Essential Elements for Plant Growth

Primary and Secondary Nutrients

All essential elements are by definition required for plant growth and completion of the plant life cycle from seed to seed. Some essential elements are needed in large quantities and others in much smaller quantities. However, from a practical standpoint, three of the six essential macronutrients are most often "managed" by the addition of fertilizers to soils, while the others are most often found in sufficient quantities in most soils and no soil amendments are required to supply adequate supplies.

From a management perspective only, the primary nutrients are N, P, and K, because they are most often limiting from a crop production standpoint. All of the other essential macronutrient elements are secondary nutrients because they are rarely limiting, and more rarely added to soils as fertilizers.

The ability of soils to supply secondary nutrients to plants indefinitely is is subject to the law of conservation of matter and is therefore dependent upon nutrient cycling.
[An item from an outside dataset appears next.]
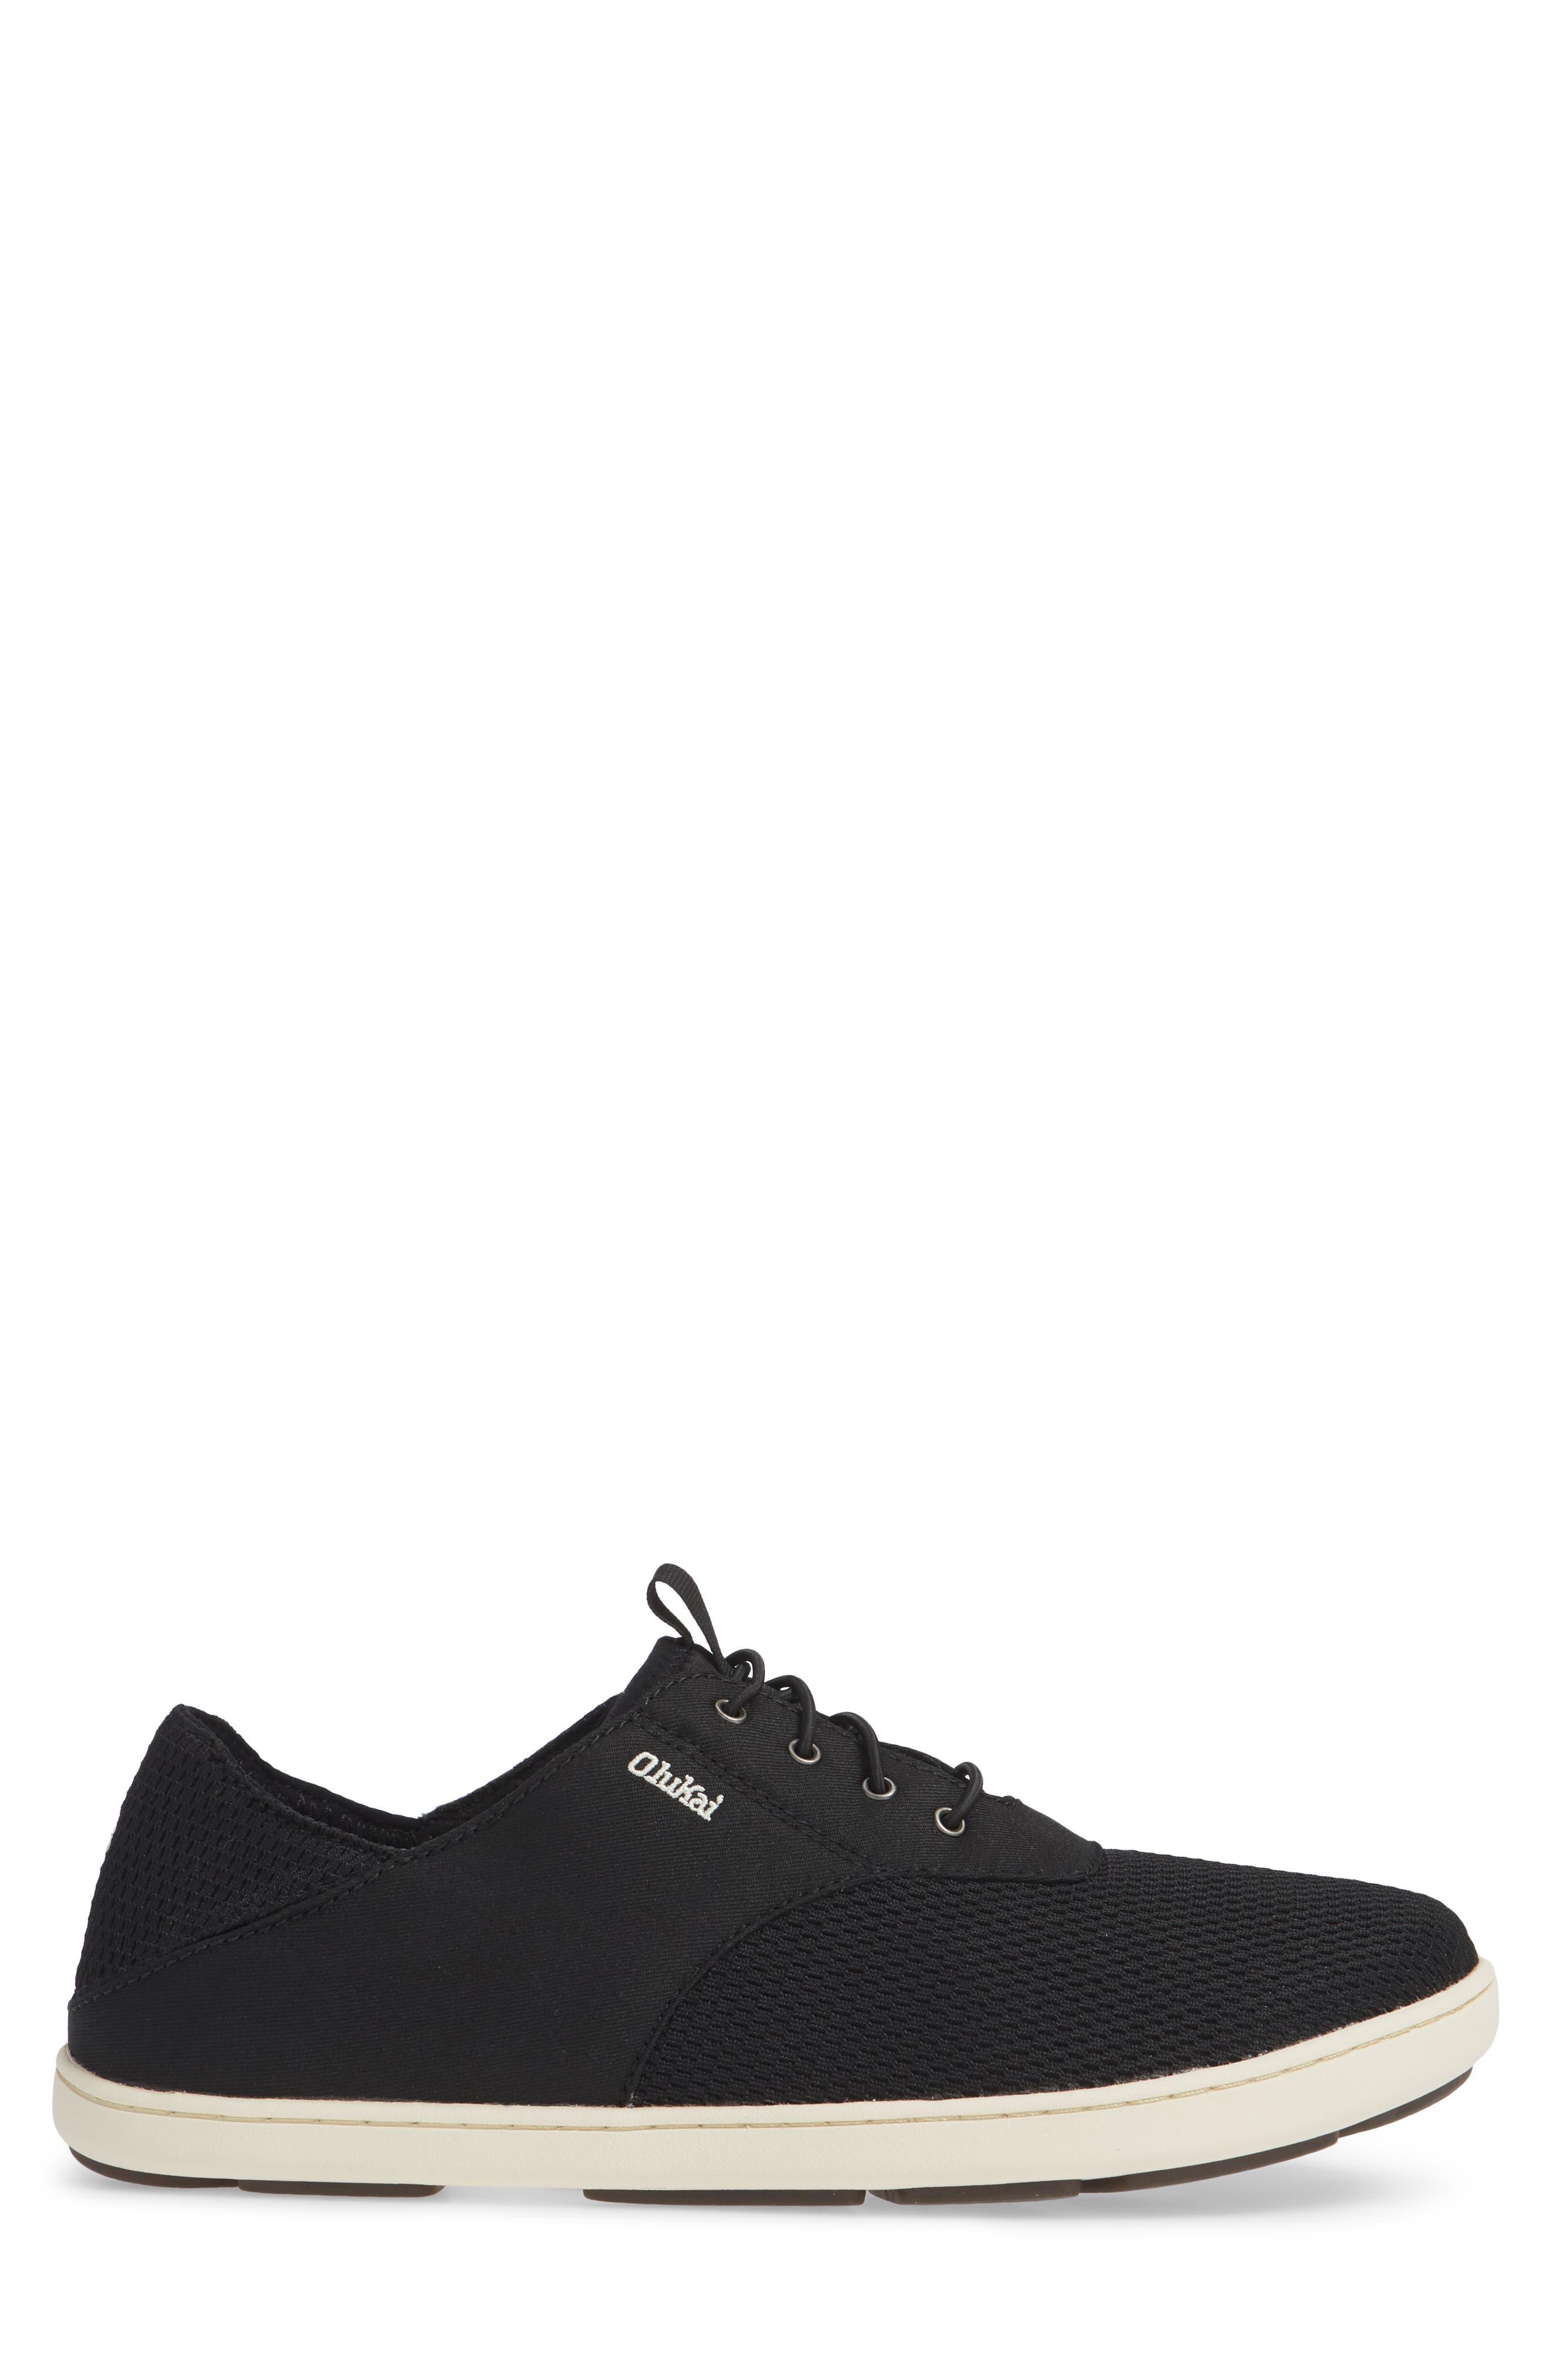 Nohea Moku Sneaker,                             Alternate thumbnail 3, color,                             ONYX/ ONYX TEXTILE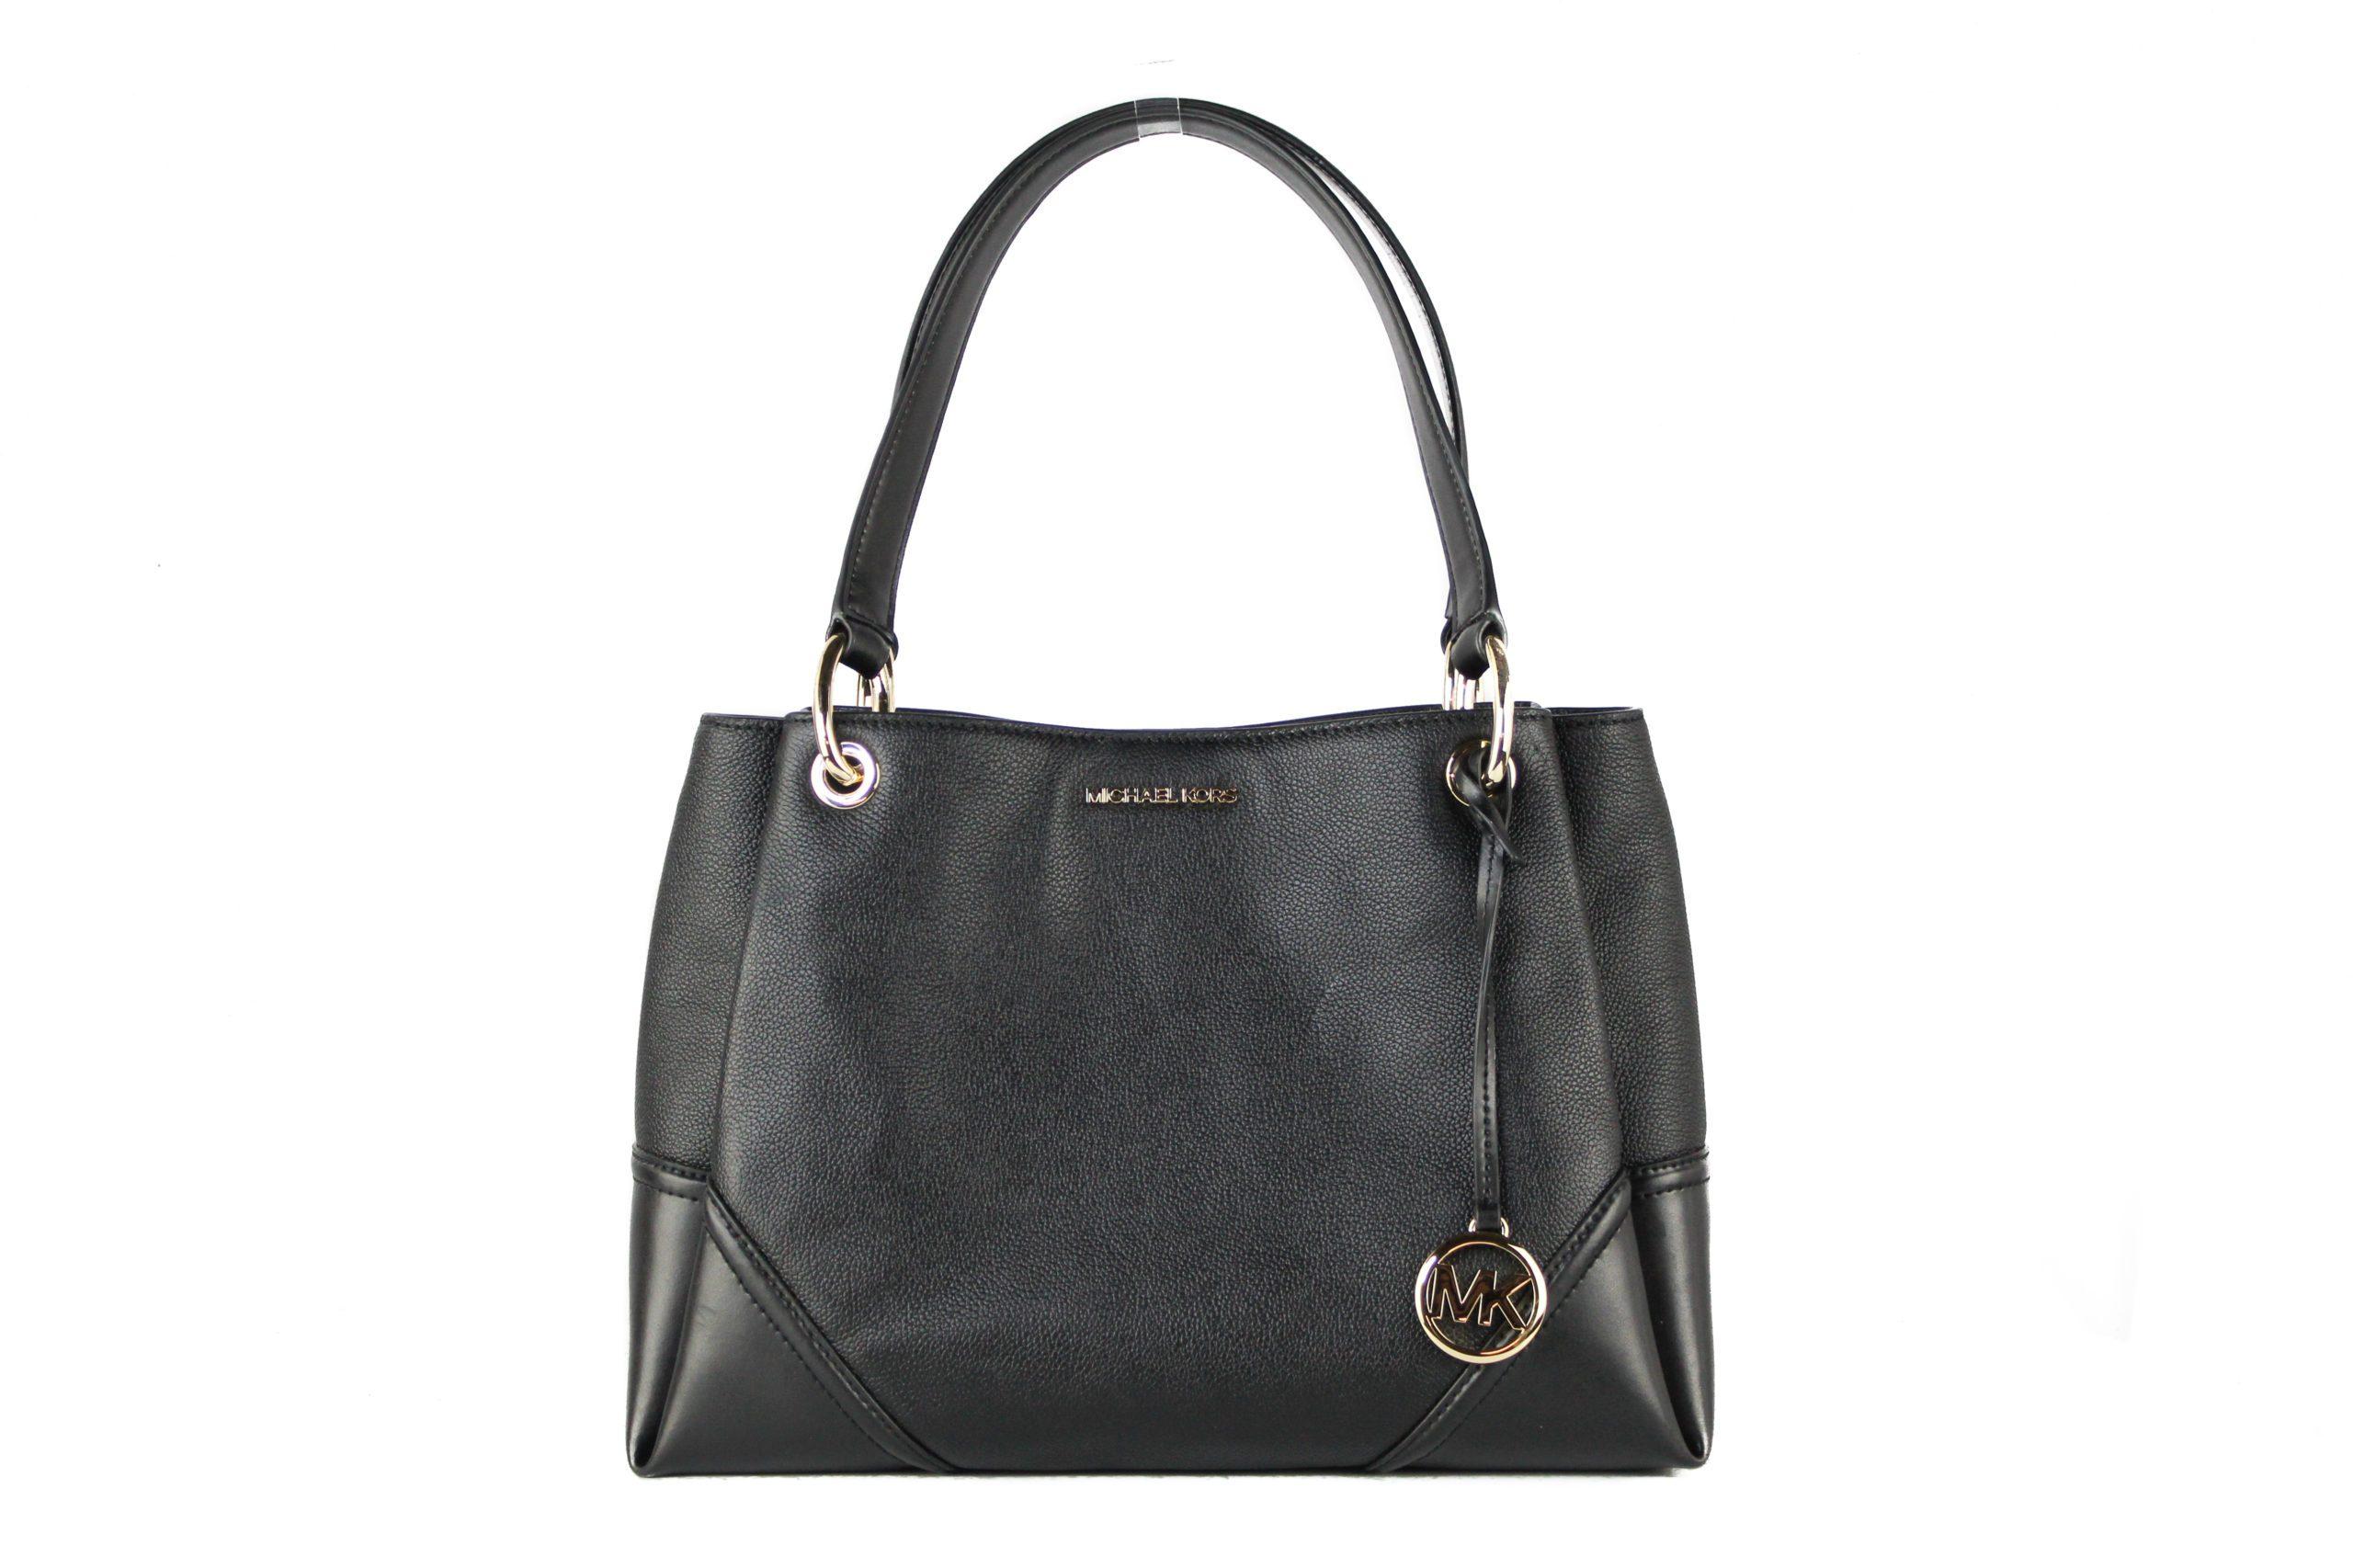 Michael Kors Women's Nicole Shoulder Bag Black 82745

Continued crop removal of Ca, Mg, and S requires replentishment just as surely as primary nutrients, but most likely less frequently. Calcium and magnesium are often supplied by mineral weathering, either of natural soil materials or of aglime, ground limestone added to correct soil acidity. Sulfur is often added to soil as either atmospheric deposition (associated with air pollution) or as impurities in fertilizers, particularly common P fertilizers.

To demonstrate that this classification is more responsive to soil ability to supply nutrients than plant requirements, it should be noted that plant requirements for Ca, a secondary nutrient element, is greater than for P. Calcium is found as a principle exchangeable cation in most soils and an important soluble cation in the soil solution. Phosphorus, on the other hand, is only slightly soluble in most soils, and many soils (particularly acid soils and alkaline soils) have the potential for causing phosphorus deficiencies.

Whether a macronutrient or micronutrient, or whether a primary or secondary nutrient, the Law of the Minimum holds: the most growth-limiting nutrient will limit growth, no matter how favorable the nutrient supply of other elements. For example, a deficiency of Fe or Mn (most common in soils containing calcium carbonate) can severely limit plant growth in spite of adequate N, P, and K.